* **MATERIAL TO PROCESS**:
• • • • • • •

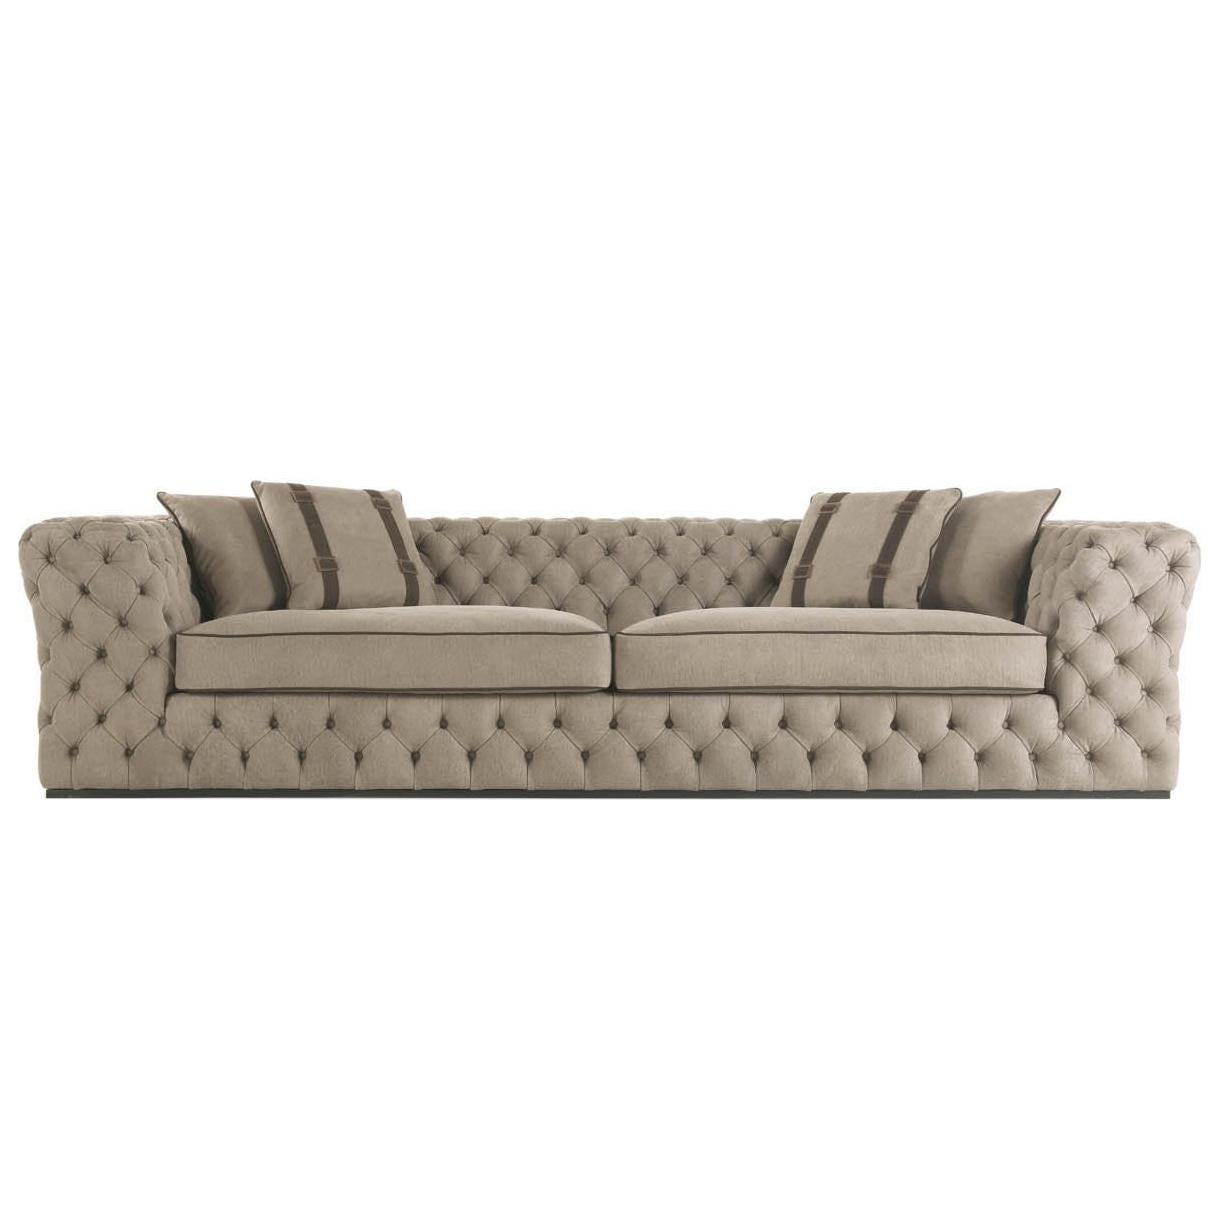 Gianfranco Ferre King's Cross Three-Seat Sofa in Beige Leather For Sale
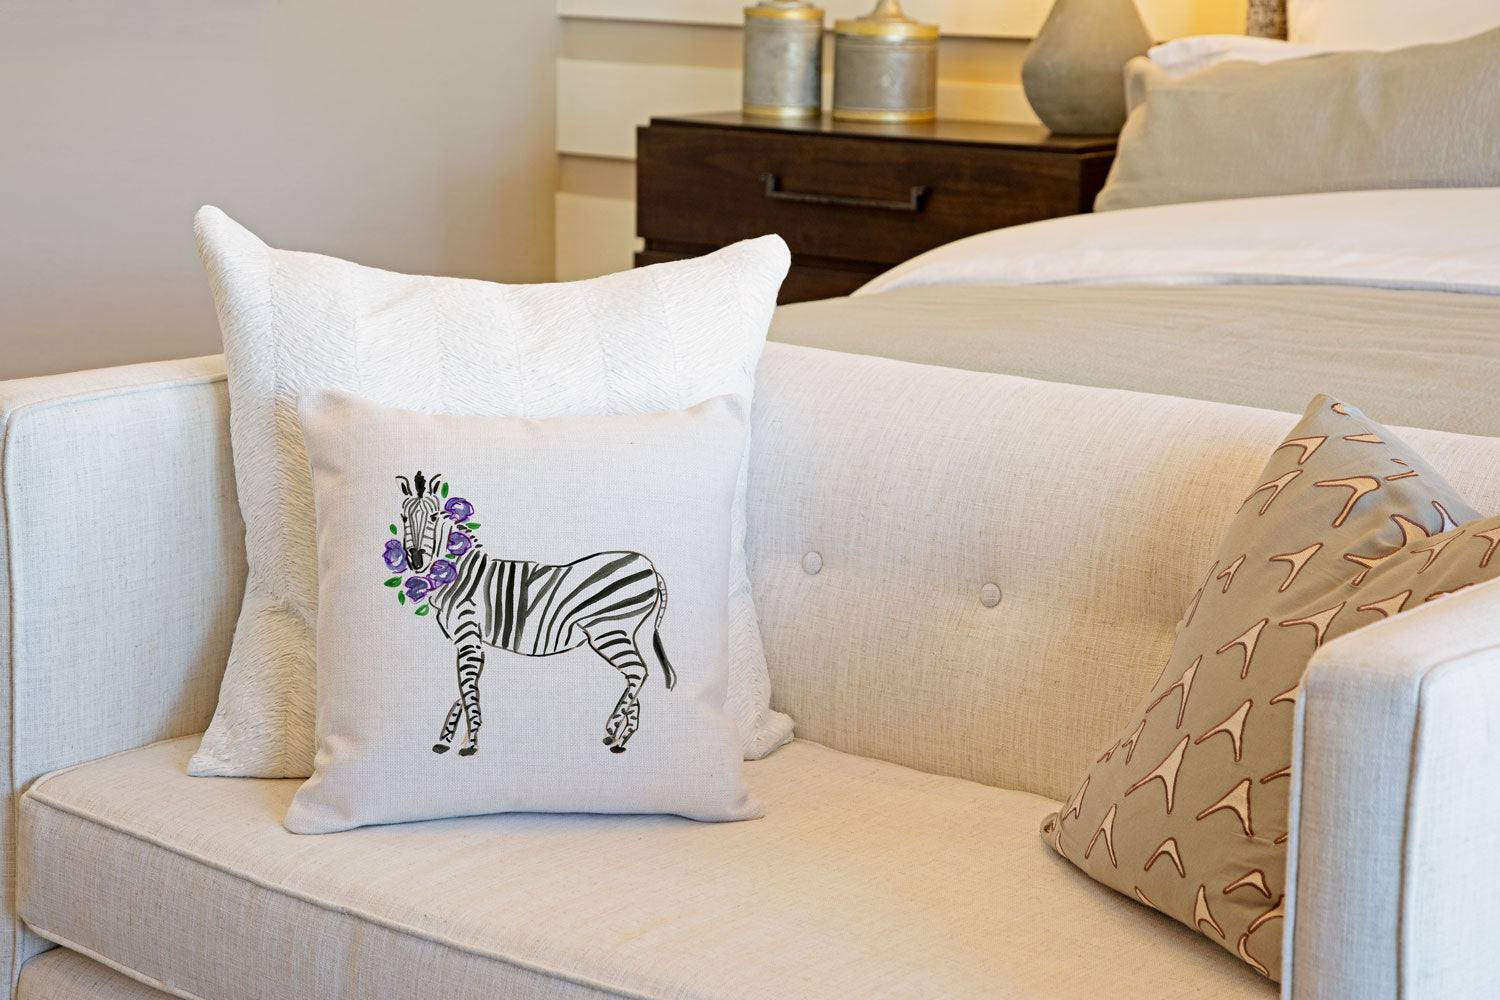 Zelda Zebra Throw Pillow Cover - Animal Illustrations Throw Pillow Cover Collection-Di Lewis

• • • • • • •

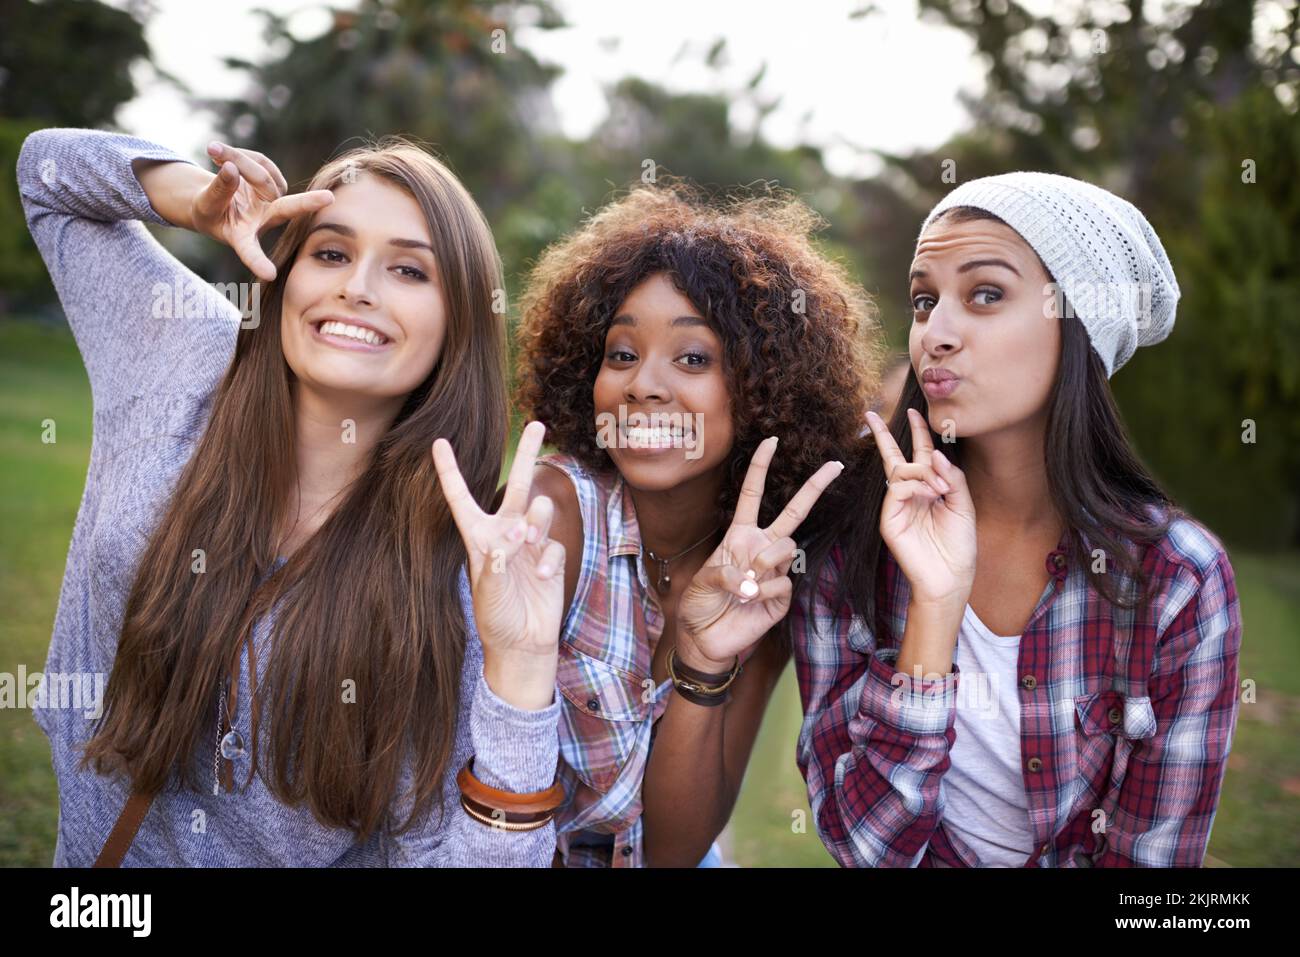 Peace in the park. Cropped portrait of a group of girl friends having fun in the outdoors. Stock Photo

• • • • • • •

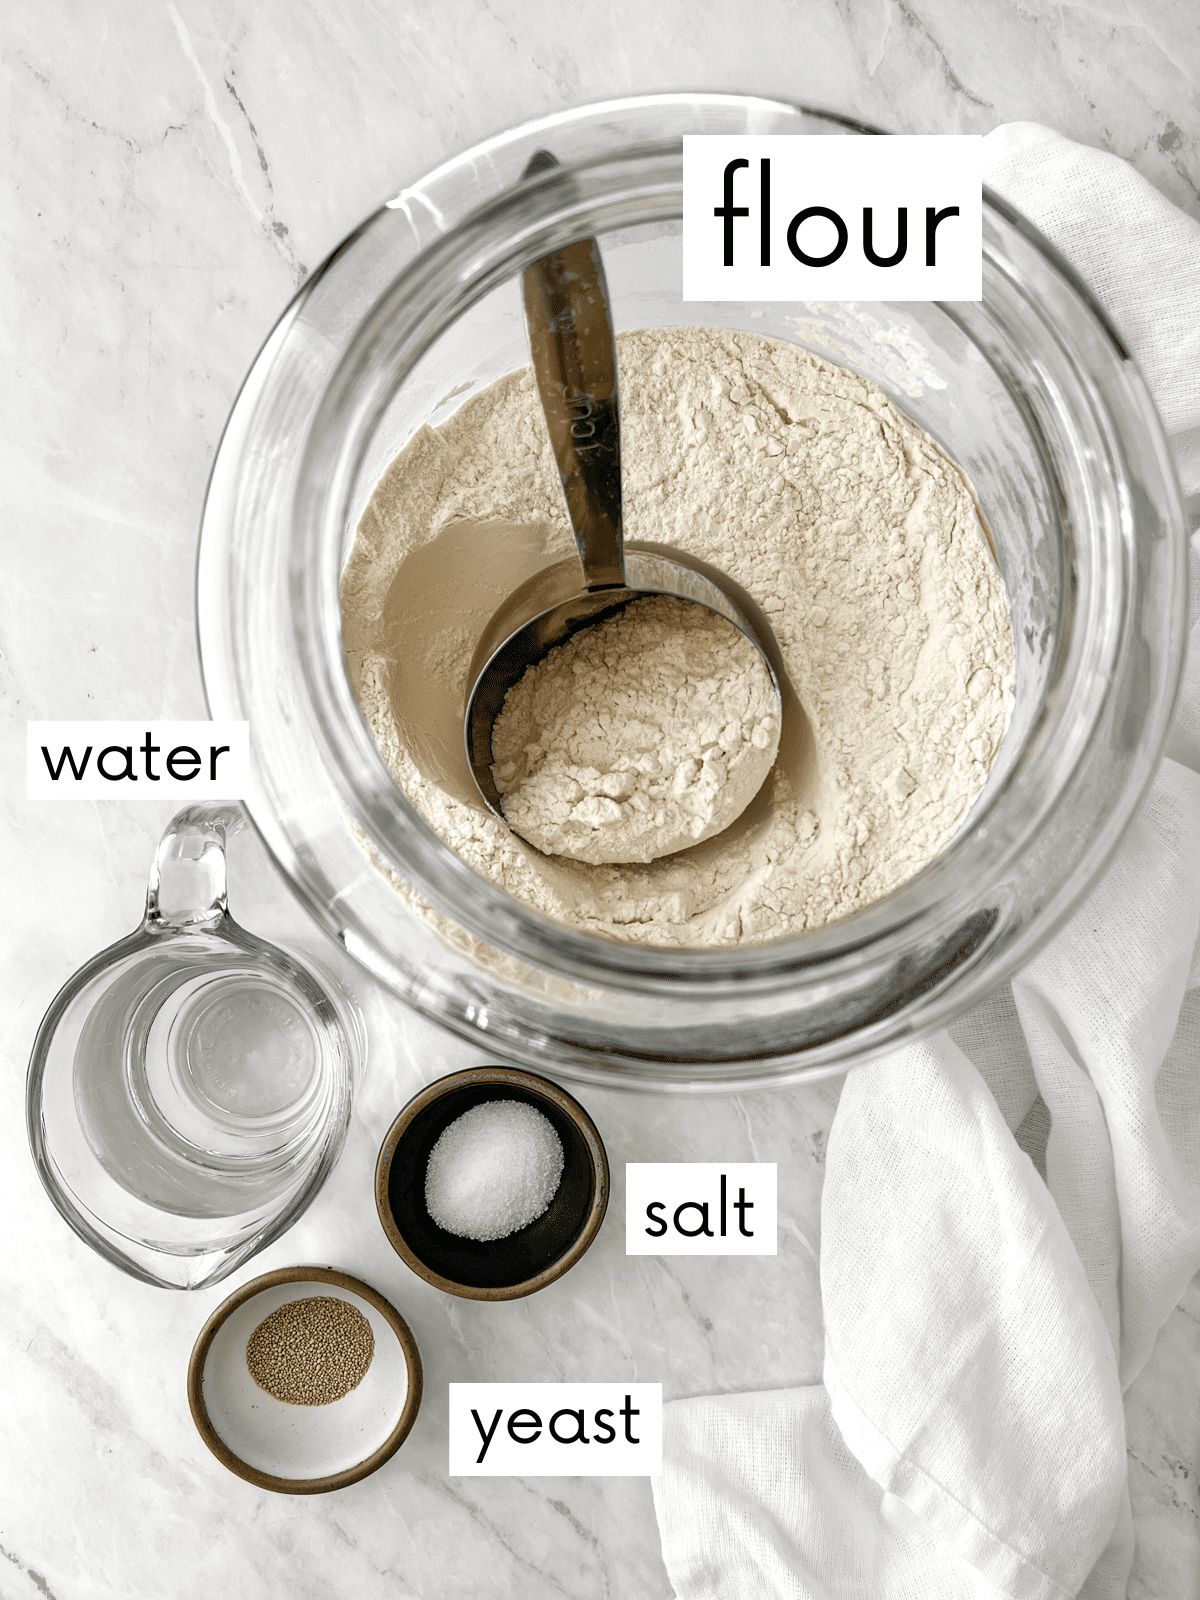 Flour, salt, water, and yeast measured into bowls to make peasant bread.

• • • • • • •

* **WORK INSTRUCTION**:
For this task, return exactly the stretch of the listing above from the line with "Gianfranco Ferre King's" through the line with "Zelda Zebra Throw", inclusive and without pictures.

* **WRITTEN ANSWER**:
 Gianfranco Ferre King's Cross Three-Seat Sofa in Beige Leather For Sale
 Zelda Zebra Throw Pillow Cover - Animal Illustrations Throw Pillow Cover Collection-Di Lewis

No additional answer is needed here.